Client-Driven Harm Reduction Goal-Setting Among Individuals Experiencing Homelessness and Alcohol Use Disorder  
Presenters
  • Madeline Claire Kramer, Senior, Public Health-Global Health UW Honors Program
  • Aaron Brah, Recent Graduate, Psychology , Seattle University
  • Fatma Alkhamees, Junior, Psychology
  • Griffin R Leemon,
Mentors
  • Susan E. Collins, Psychiatry & Behavioral Sciences, Harborview Medical Center
  • Seema Clifasefi, Psychiatry & Behavioral Sciences, University of Washington-Harborview Medical Center
  • Emily Taylor, Psychiatry & Behavioral Sciences
Session
    Session T-8C: Psychology, Psychiatry & Behavioral Sciences
  • 3:30 PM to 4:15 PM

  • Other students mentored by Seema Clifasefi (1)
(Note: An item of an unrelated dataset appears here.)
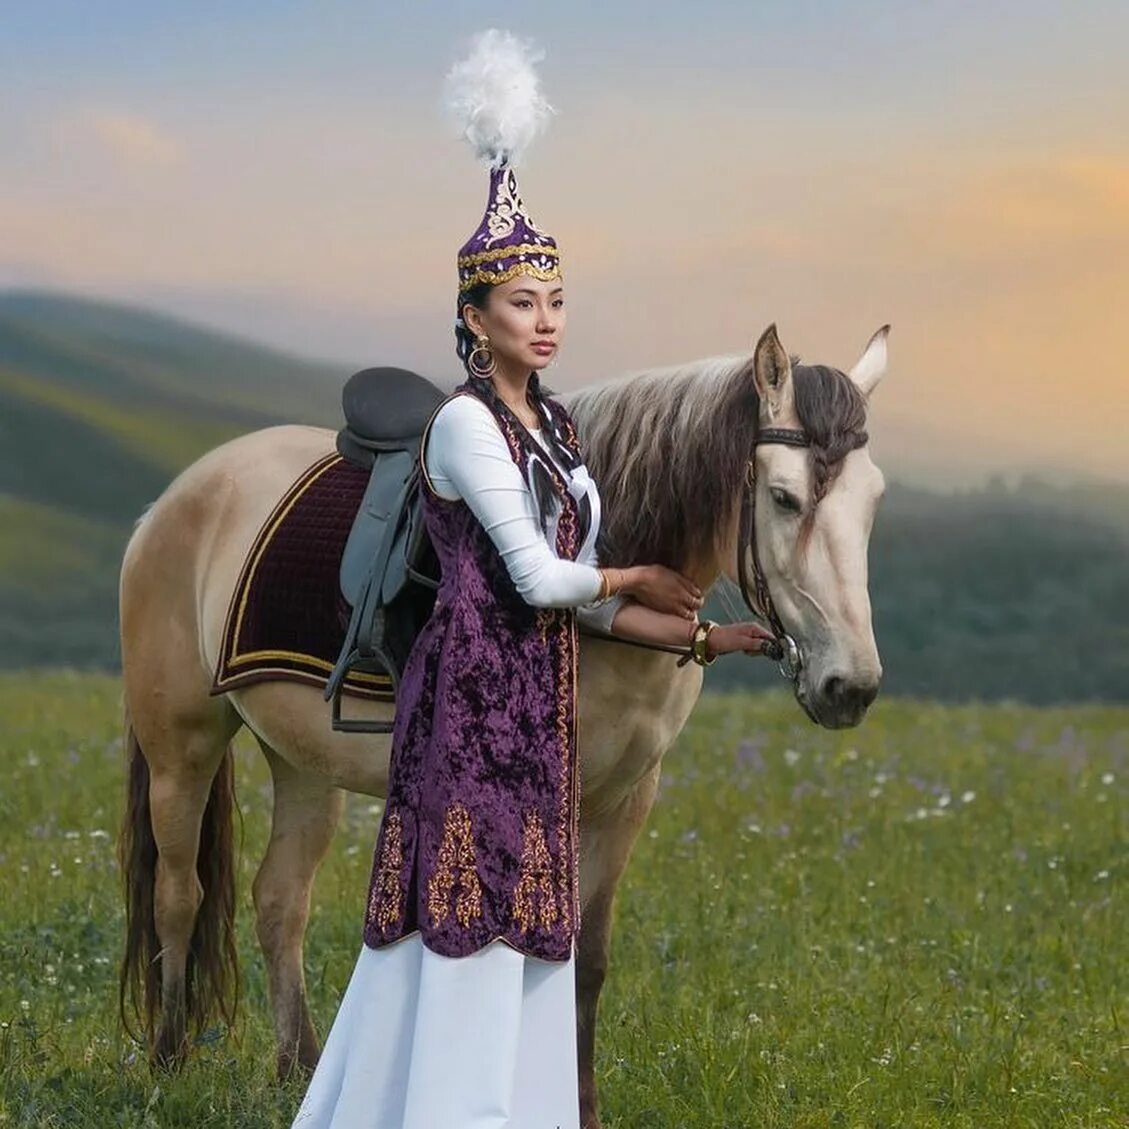 Девушка в казахском костюме. Традиционный казахский костюм. Казахские девушки в национальной одежде. Казахская девушка в национальном костюме. Девушки на коне в национальных казахских нарядах.

Client-Driven Harm Reduction Goal-Setting Among Individuals Experiencing Homelessness and Alcohol Use Disorder  close

For many years, the primary mode of treatment for people experiencing alcohol use disorder (AUD) has been abstinence-based treatment. Research has indicated, however, that abstinence-based treatment does not optimally engage or treat more severely affected populations, such as people experiencing AUD and homelessness. Instead, harm-reduction treatment approaches are more desirable for this population and can serve as an effective treatment alternative for people experiencing AUD and homelessness. Harm-reduction treatment entails a set of compassionate and pragmatic strategies to emphasize client autonomy, mitigate substance-related harm, and promote quality of life (QoL) without the need for abstinence or use-reduction. Specific components include assessment and tracking of harm-reduction metrics, harm-reduction goal-setting, and implementation of safer-use strategies. This secondary study (N = 213) served to qualitatively and quantitatively explore harm-reduction goals generated by participants in a larger, 4-arm randomized control trial of harm-reduction treatment for people experiencing homelessness and AUD. The three treatment groups included in this secondary study received: a) harm-reduction counseling only, b) harm-reduction counseling + medication assisted treatment (i.e., extended-release naltrexone), and c) harm-reduction counseling + placebo. Participant goals were recorded using the Safer Drinking and Harm Reduction Efforts (SHaRE) scale at baseline assessments and weeks 4, 8, and 12. Qualitative analyses will be conducted to determine the kinds of goals participants generated throughout the 12-week treatment period. Additional descriptive, quantitative analyses will establish quantity of participant goals set at each time point. Finally, inferential statistics will be used to test harm-reduction goals as correlates of alcohol outcomes across the 12-week treatment period. It is expected that a) the combined pharmacotherapy group will generate, progress toward, and achieve more goals than other study conditions; and b) quality-of-life goals will be more strongly associated with reduced alcohol-related harm than drinking-related goals.